A largo plazo, dormir poco o mal afecta profundamente a nuestra biología y puede llegar a dar al traste con nuestra salud. De hecho, recorta nuestra longevidad. Afecta a los sistemas inmune y nervioso. Y diabetes, obesidad y problemas cardiovasculares son algunas de las consecuencias relacionadas con un descanso insuficiente. Mientras dormimos, el cerebro se encarga de deshacerse de los desechos metabólicos producidos durante el día. Sin descanso suficiente, no le damos tiempo a hacer limpieza y el cuerpo acumulando basura. La falta de horas de sueño desencadena la segregación de cortisol, la hormona del estrés, que, en exceso, se relaciona con la grasa abdominal. También puede acabar alterando las funciones metabólicas, como el procesamiento y el almacenaje de carbohidratos; el cuerpo deja de metabolizar el azúcar bien, lo que aumenta el riesgo de que desarrollemos una diabetes tipo 2. La endocrina Eve van Cauter, de la facultad de medicina de la Universidad de Chicago, investiga el efecto del sueño sobre el organismo. En un experimento con jóvenes voluntarios, vio que si les restringía las horas de sueño a cuatro por noche, una semana más tarde los participantes ya estaban en un estado prediabético. Además, tenían mucho más apetito.

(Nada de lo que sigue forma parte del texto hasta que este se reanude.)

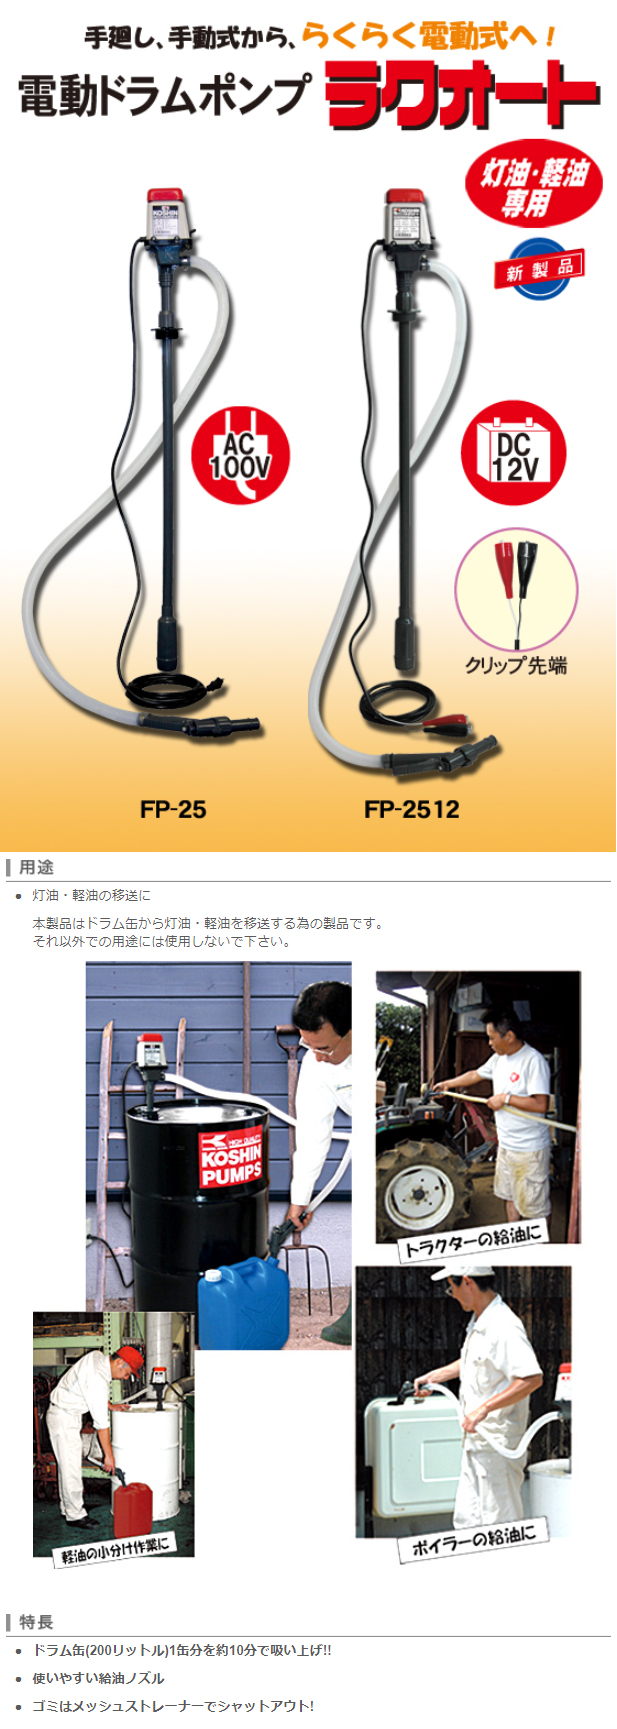 灯油・軽油専用電動ポンプ ラクオート FP-25(FP-25-AAA-1) | 株式会社

Existen más estudios que también relacionan el descanso inapropiado con enfermedades cardiovasculares, presión arterial alta y riesgo de infartos. Y en una investigación conducida por la Sociedad Americana de Cáncer, en la que participaron más de un millón de adultos, se vio que aquellos que dormían entre siete y ocho horas cada día tenían una tasa de mortalidad más baja que quienes dormían menos. Pero aunque dormir sea bueno, no hay que dormir más de la cuenta de forma habitual, ya que tampoco es beneficioso para el organismo. De hecho, todo lo contrario: más de nueve horas diarias de sueño para un adulto conlleva tantos riesgos para la salud como dormir menos de siete y está estrechamente relacionado con una morbilidad alta.